50 Basis Points Cut on the Table
Currently, the interest rate futures market shows a likelihood of over 60% for a 50-basis-point cut. In the previous meeting, Fed Chairman Jerome Powell indicated that addressing inflation nearing the 2% target was a priority, though he did not specify a rate. The prevailing view suggests that a 25-basis-point cut would be a more suitable starting point for the Fed’s easing cycles in times without crises.
Options pricing indicates that the S&P 500 index could fluctuate by approximately 1.1% on Wednesday. Recently, the rise of U.S. stocks makes it challenging for the market to be disappointed if the Fed opts for a smaller cut.
KPMG’s chief economist, Diane Swonk, stated that a 50-basis-point cut is definitely on the table, though Powell may not secure sufficient support for this option. Tara Hariharan, managing director of global macro hedge fund NWI Management, commented that with U.S. stocks near all-time highs, the risk-reward balance seems weak for further gains.

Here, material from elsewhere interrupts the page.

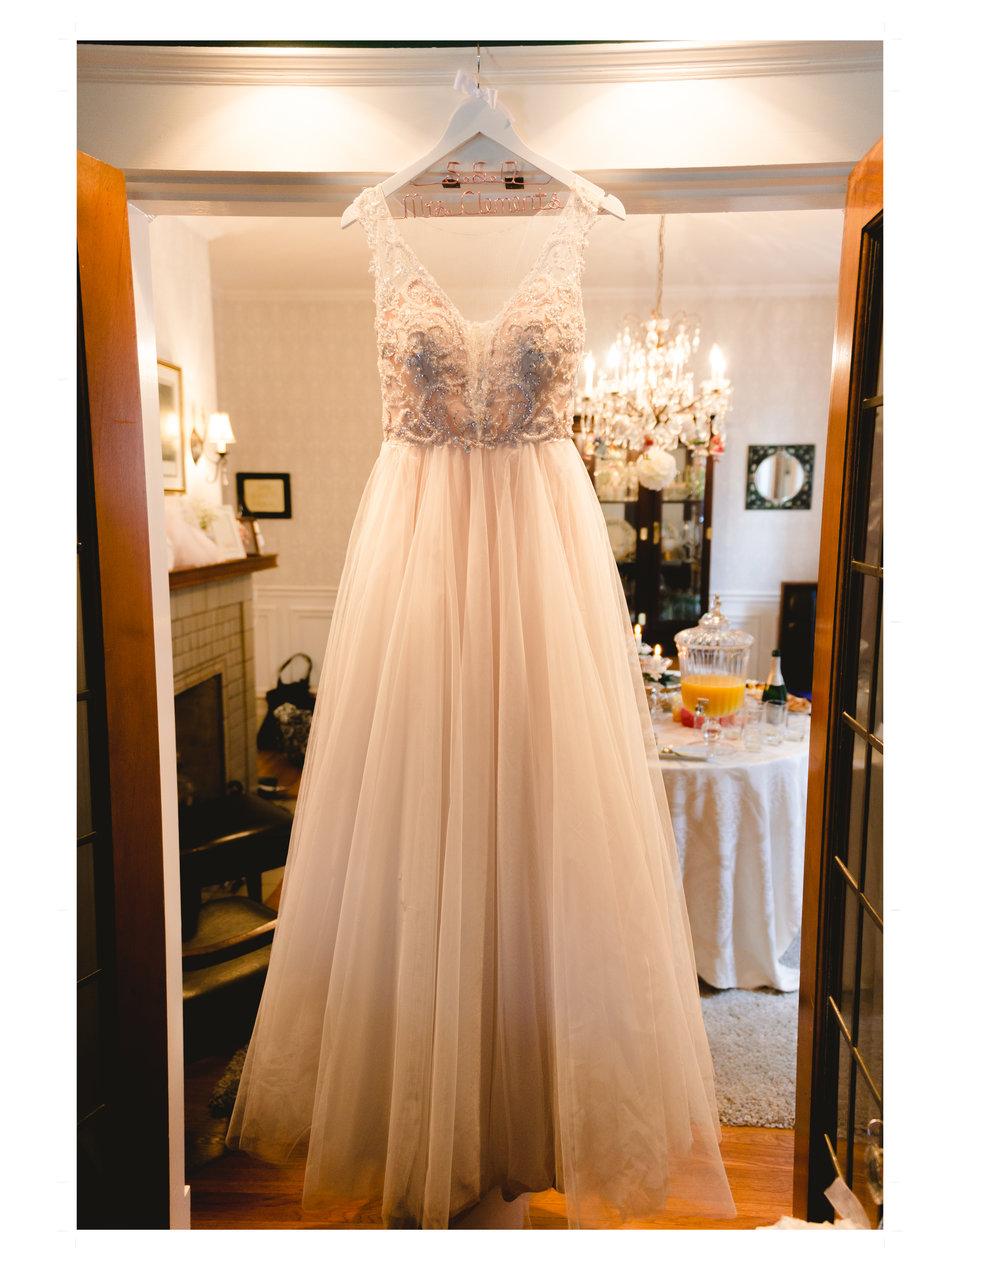 Frame 805 Weddings - Cincinnati Wedding Photographer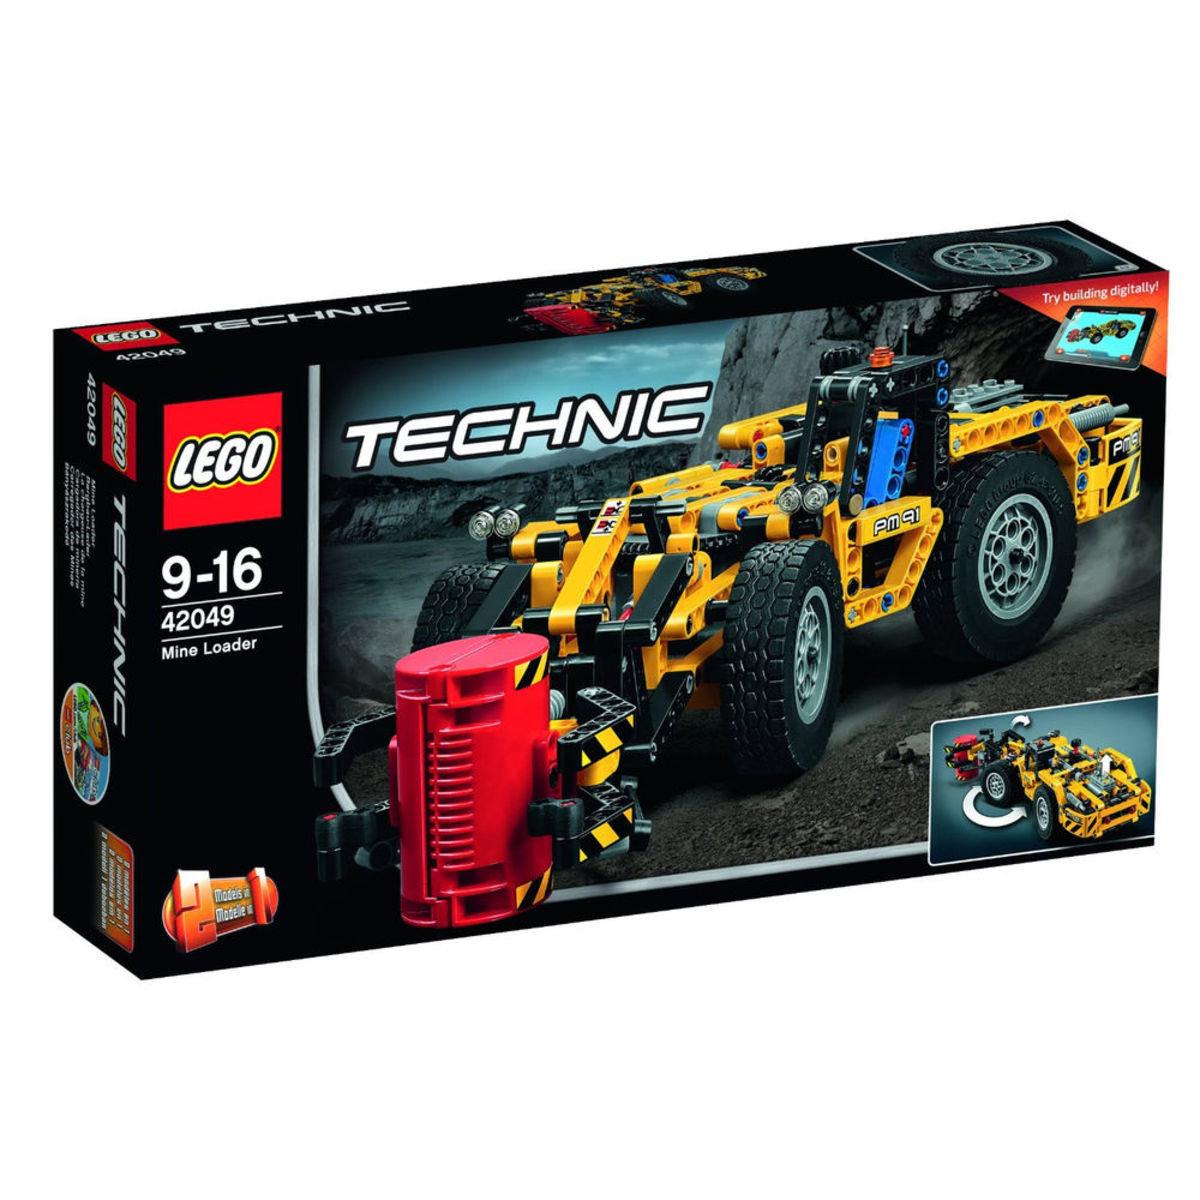 42049 Technic 礦用裝載機

Rate Cut Expectations May Be Detached from Market Realities
On the other hand, Michael Rosen, managing partner and chief investment officer at Angeles Investments, believes the current bond market is pricing in the Fed’s rate cuts too aggressively. The market anticipates a 250-basis-point reduction next year, but according to Rosen, this would only be feasible in a recession scenario. He suggested that short-term U.S. Treasury yields might decline below market expectations, while long-term yields could rise.
Angel One analyst Saish Sandeep Sawant Dessai warned that “the real risk is the market pricing in a very dovish stance,” which could lead to rising Treasury yields and the dollar, further driving down gold prices.